- [PROVIDED INFORMATION]:
═══
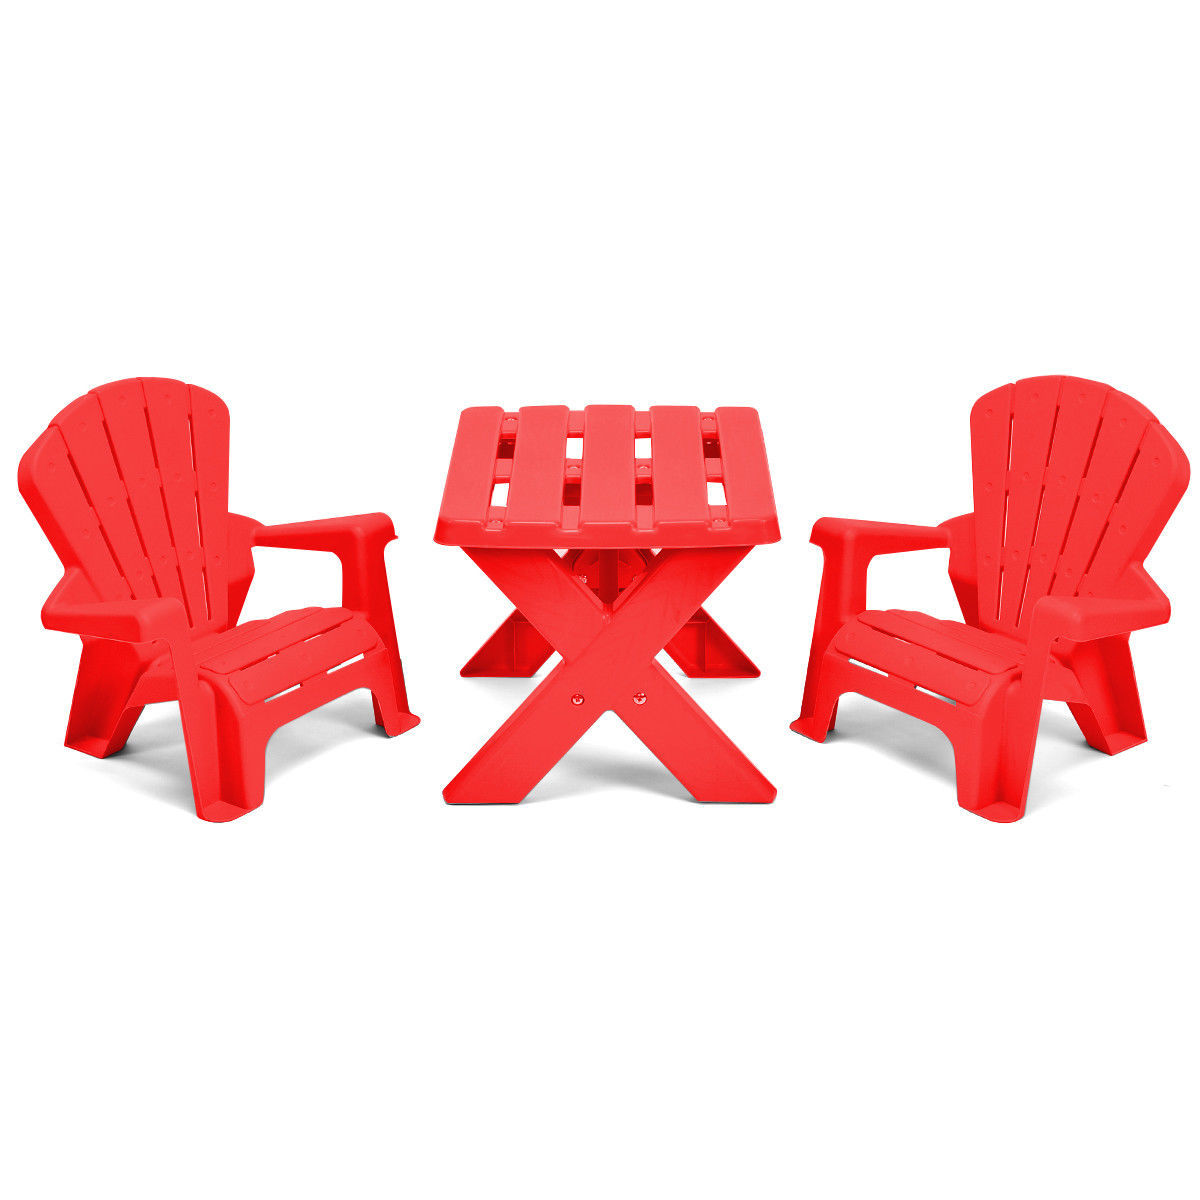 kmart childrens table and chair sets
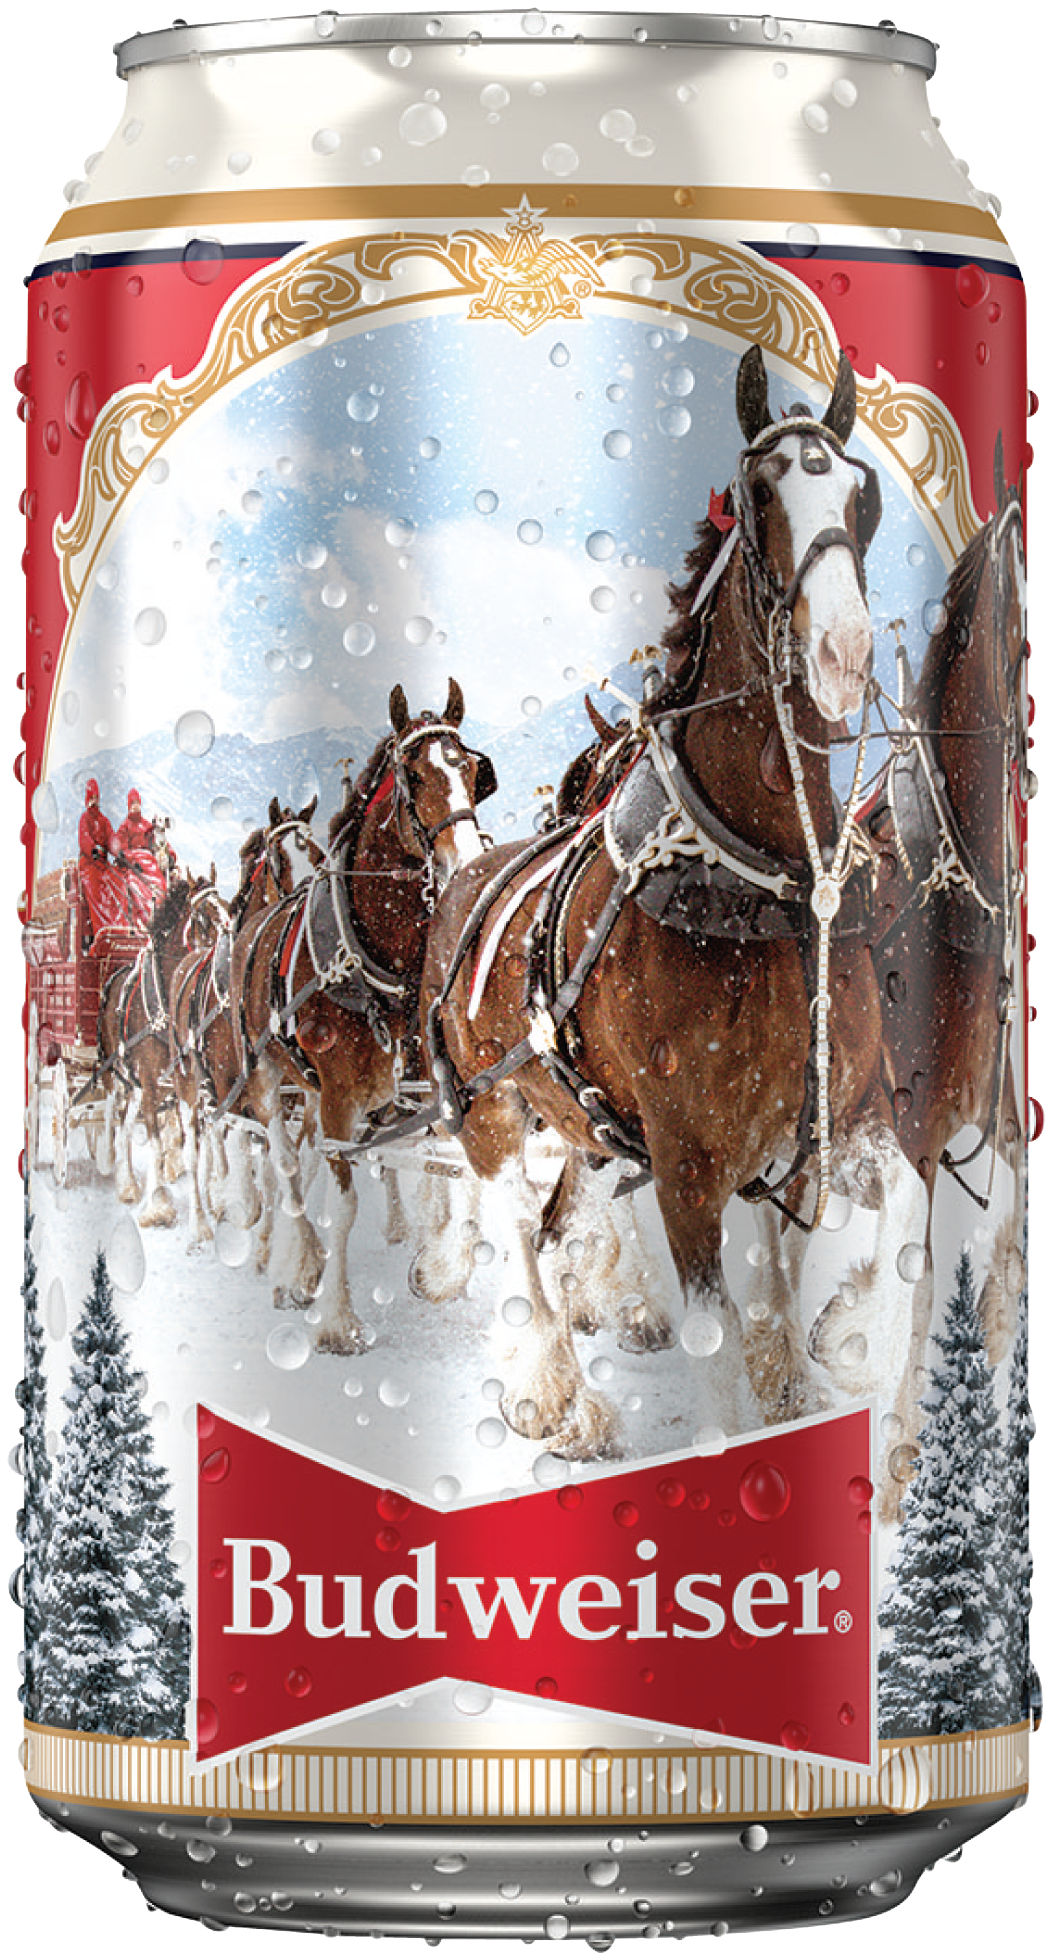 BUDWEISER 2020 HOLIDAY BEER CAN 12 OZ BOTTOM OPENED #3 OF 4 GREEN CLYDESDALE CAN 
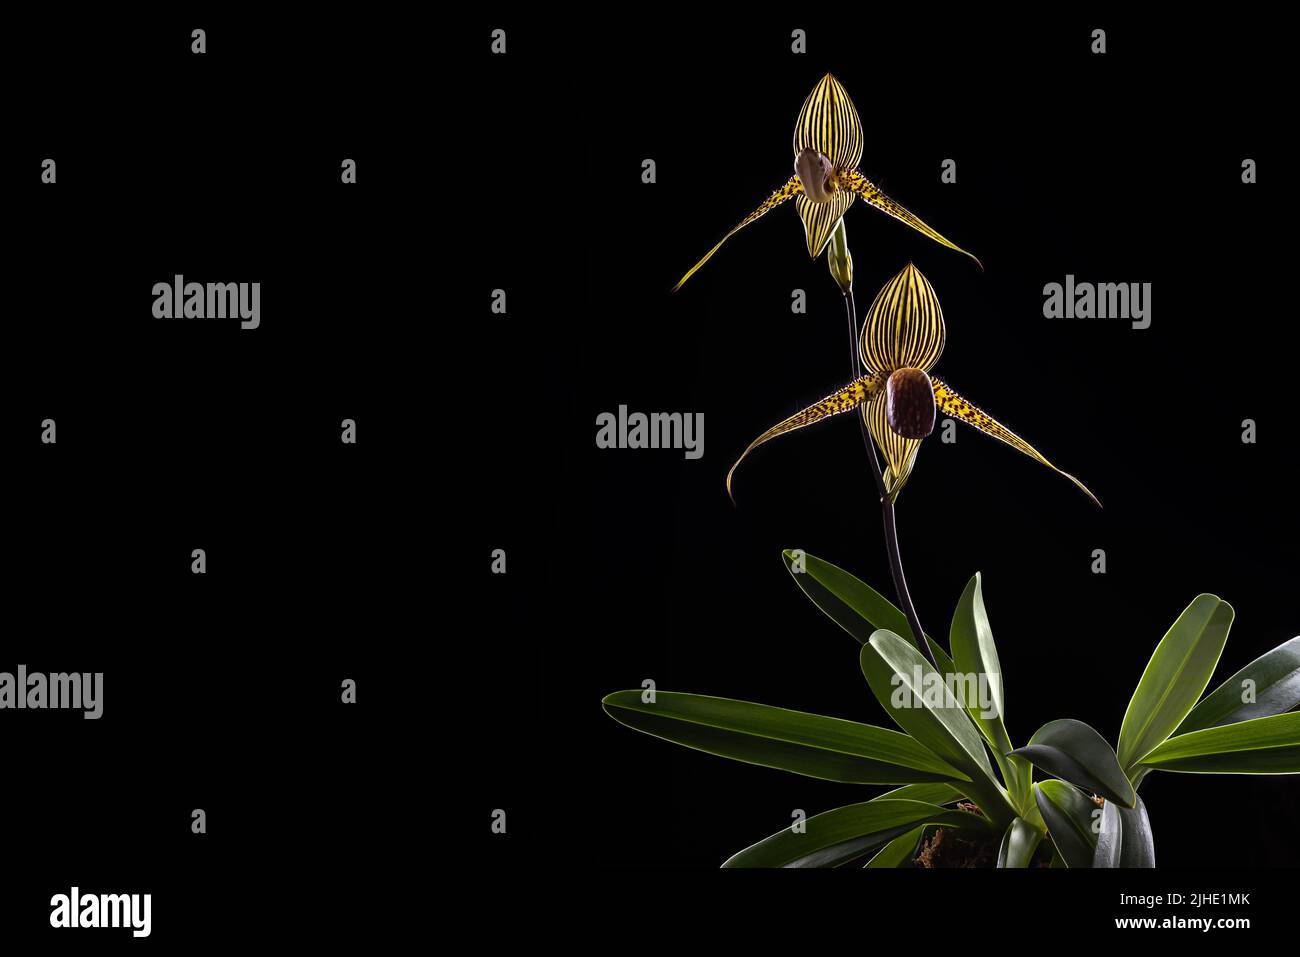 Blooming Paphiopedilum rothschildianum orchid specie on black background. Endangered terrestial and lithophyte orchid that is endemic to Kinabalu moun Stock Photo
═══
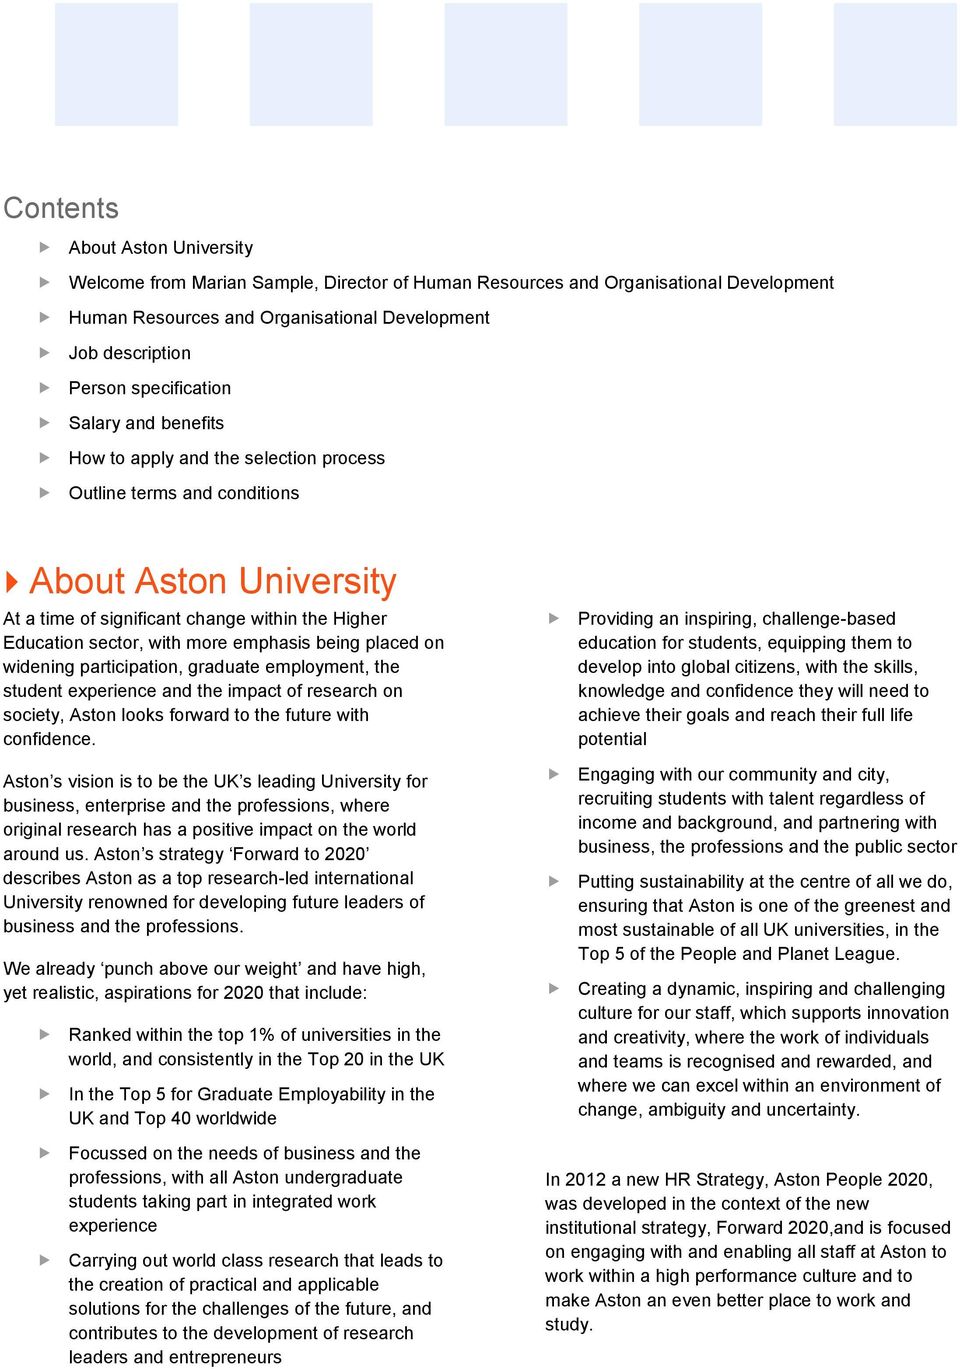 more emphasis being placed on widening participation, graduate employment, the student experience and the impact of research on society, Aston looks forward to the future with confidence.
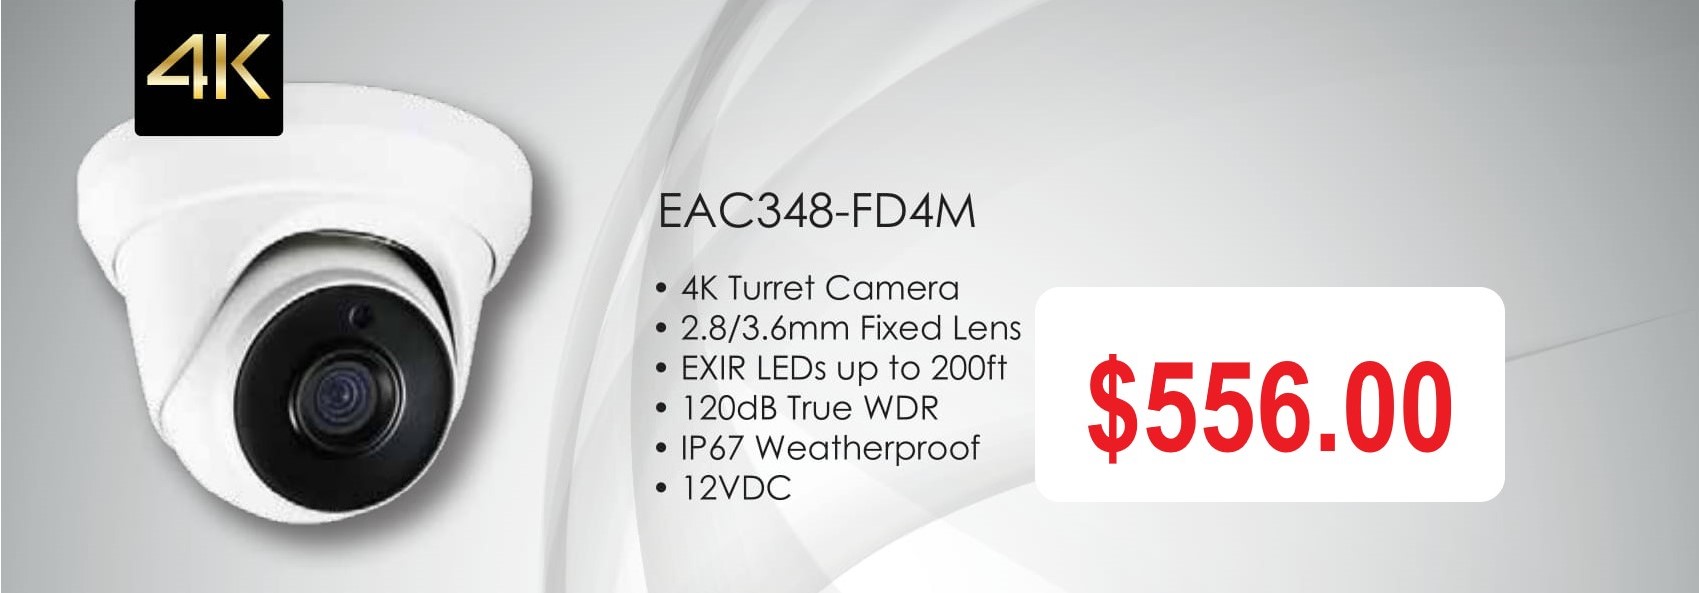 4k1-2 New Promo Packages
═══
For this exercise, transcribe exactly the part of the records above that opens with the line containing "more emphasis being" and closes with the one containing "4k1-2 New Promo Packages". Pictures are not part of the copy.

- [OUTPUT FOR THIS EXERCISE]:
 more emphasis being placed on widening participation, graduate employment, the student experience and the impact of research on society, Aston looks forward to the future with confidence.
 4k1-2 New Promo Packages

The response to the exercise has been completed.